Child Care
Back to ask the Doc.

factshet.gif (2140 bytes)
What You Should Know About...

Measles in the Child Care Setting

Measles is caused by the measles virus. Symptoms include a fever, runny nose, cough, and sore and reddened eyes followed by a red-brown blotchy rash. The rash usually starts on the face and spreads down the body, and lasts 3 or more days. Most children with measles become quite ill, but recover with no ill effects. Occasionally, however, measles can lead to pneumonia or inflammation of the brain and permanent disability or death. Adults and very young children tend to have more severe illness.

Measles is vaccine preventable. Measles vaccine is administered as part of the MMR (measles, mumps, rubella) vaccine series to children beginning at 12 to 15 months and again at 4 to 6 years of age or 11 to 12 years of age.

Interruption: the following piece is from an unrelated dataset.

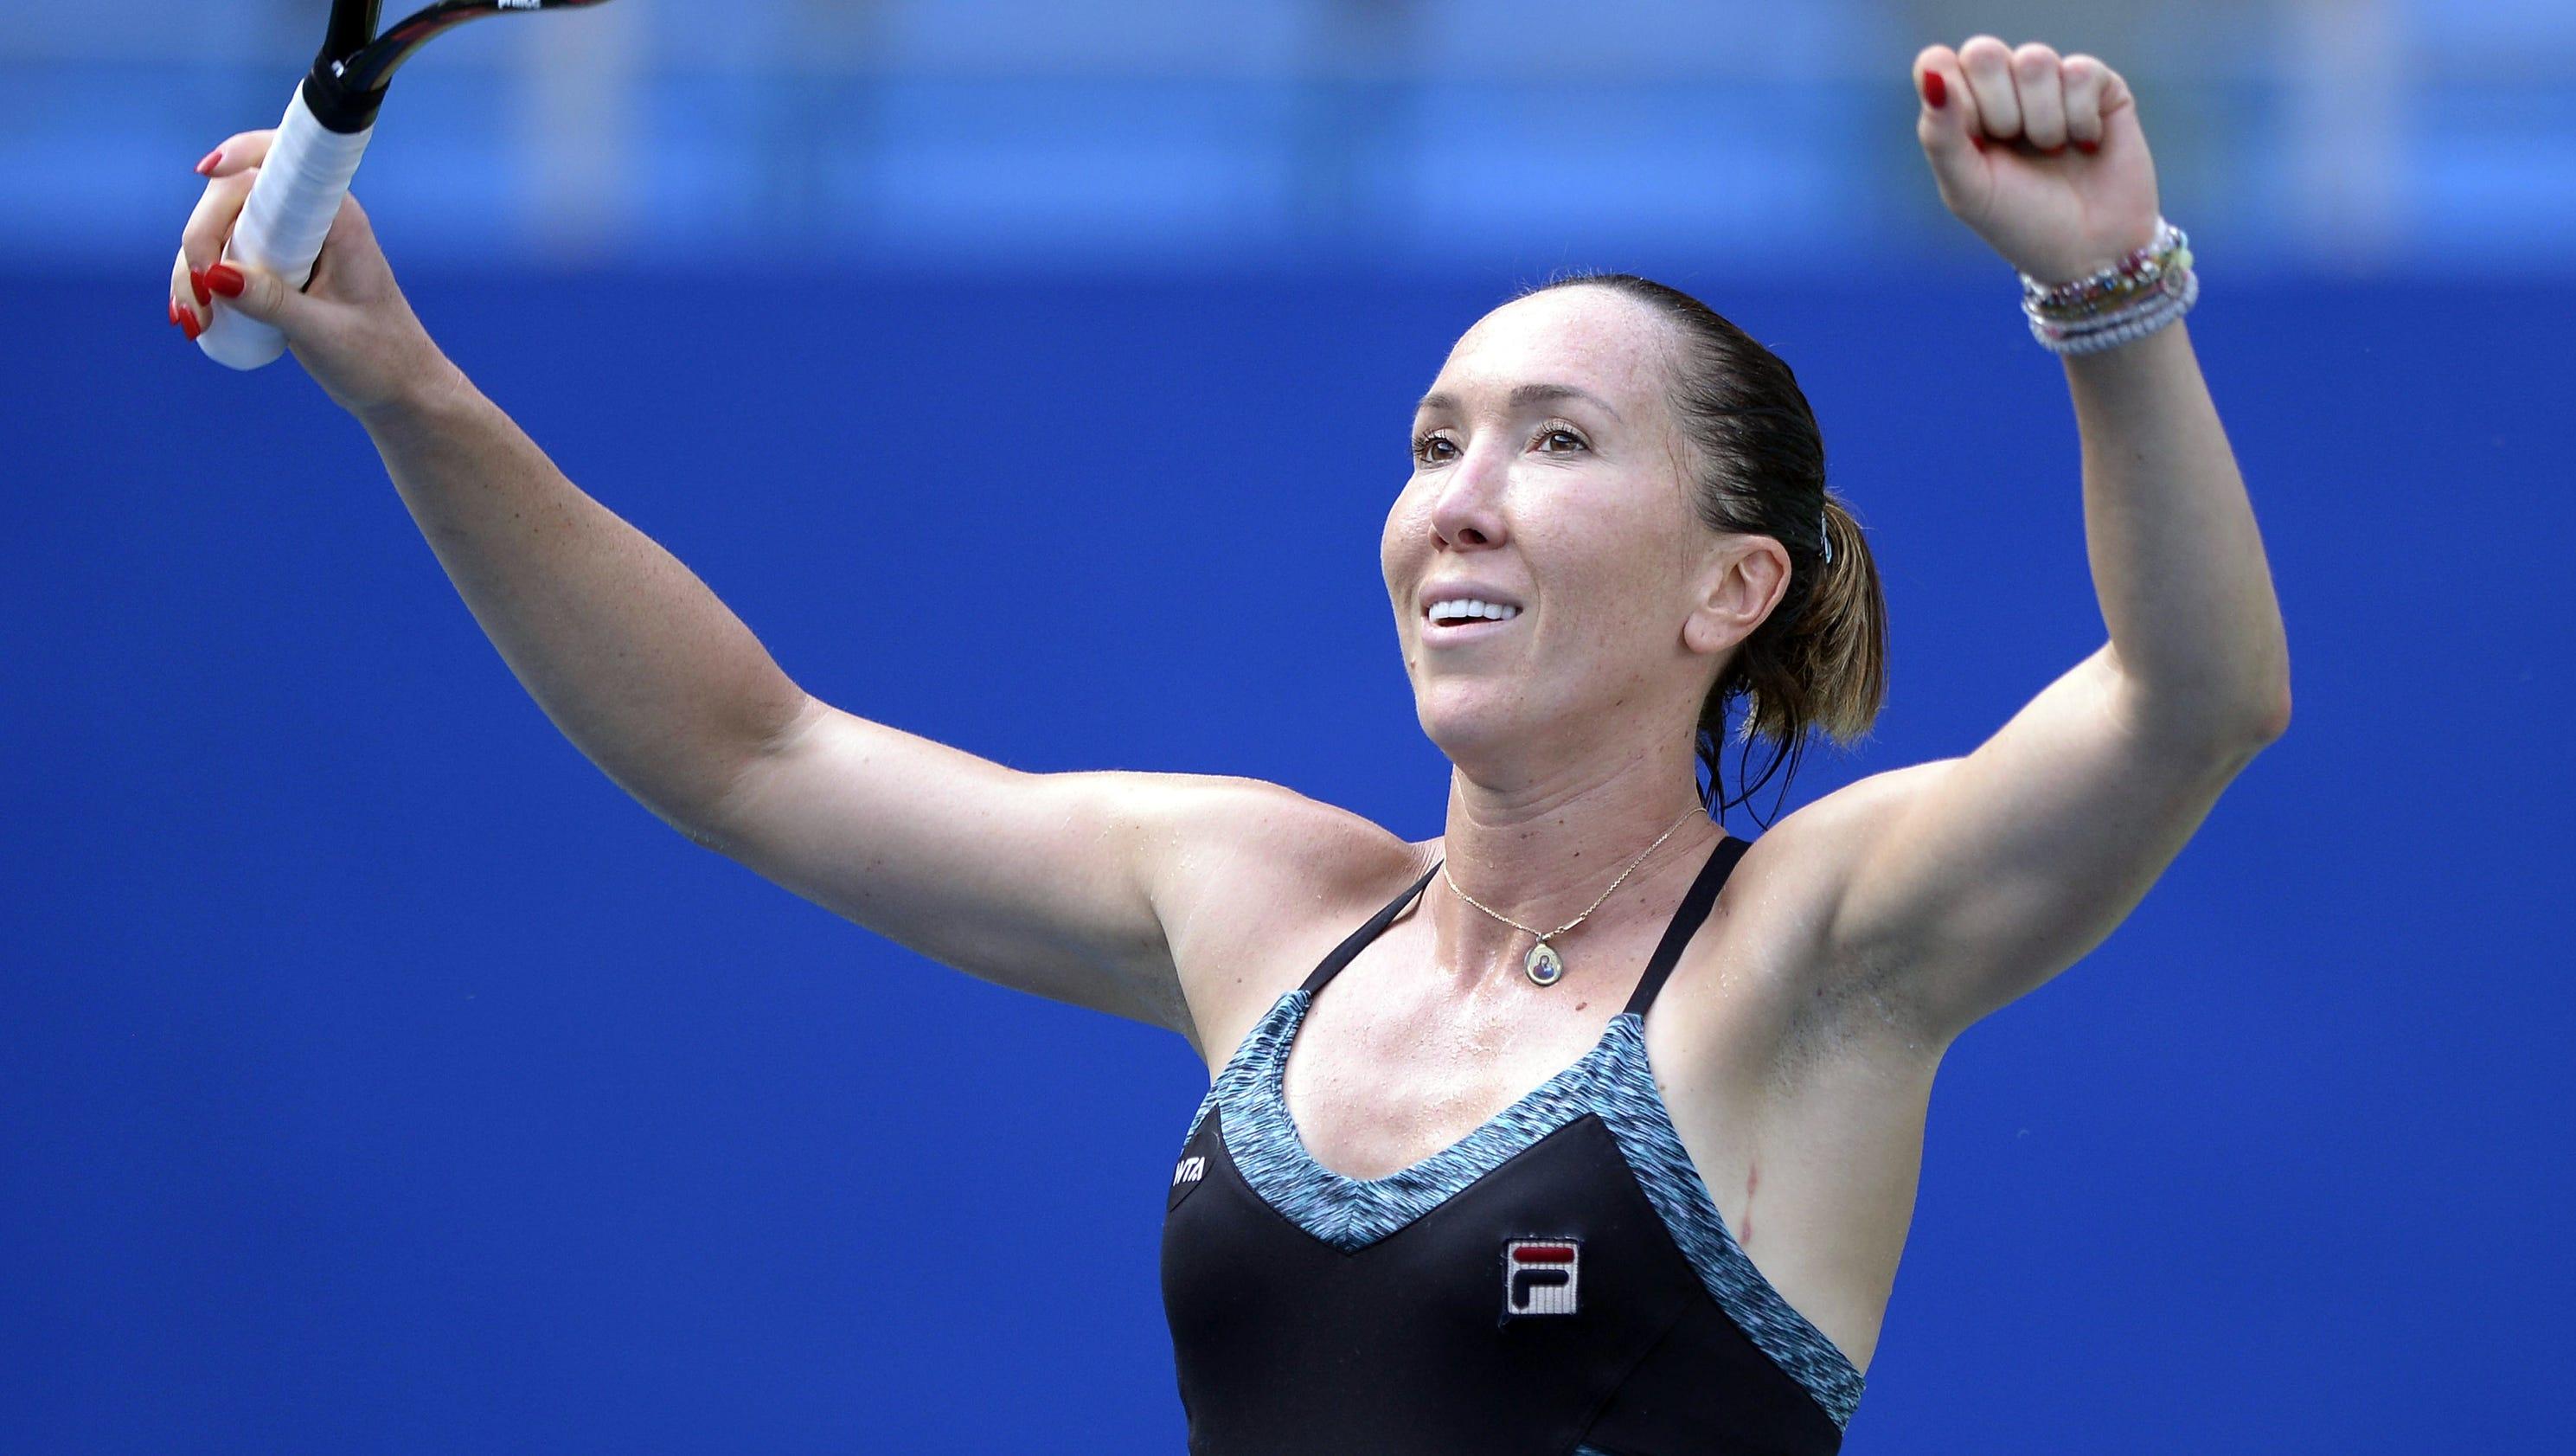 Jelena Jankovic Wins Guangzhou International Title Over

Measles is highly contagious and is spread easily from person to person through the air when an infected person coughs or sneezes and a susceptible person inhales the organism. These particles may remain suspended in the air, and persons have become infected simply be being in a room after an infected person has left. Thus, all children and any adult who did not have the disease as a child should be vaccinated. Adults born prior to 1957 are considered immune. Child care providers born after 1956 should receive 2 doses of MMR vaccine, with at least one dose given after 1967 at age 12 months or older.

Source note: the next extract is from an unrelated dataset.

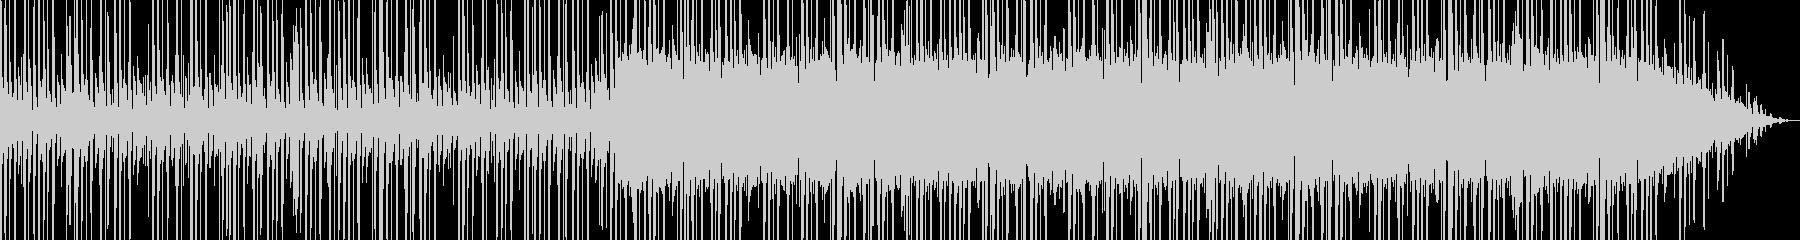 ブラックミュージックの未再生の波形

If a case of measles occurs in your facility: Immediately notify the local health department. They will decide if a special immunization program or other treatment is needed for those in close contact with the infected person. Exclude the infected person from the facility until 5 days after the rash appears. Notify parents. Any unimmunized children and adults should be immunized or excluded from the center until 2 weeks after the rash appears in the last case of measles in the facility. Closely observe all children to determine whether any additional cases may be developing.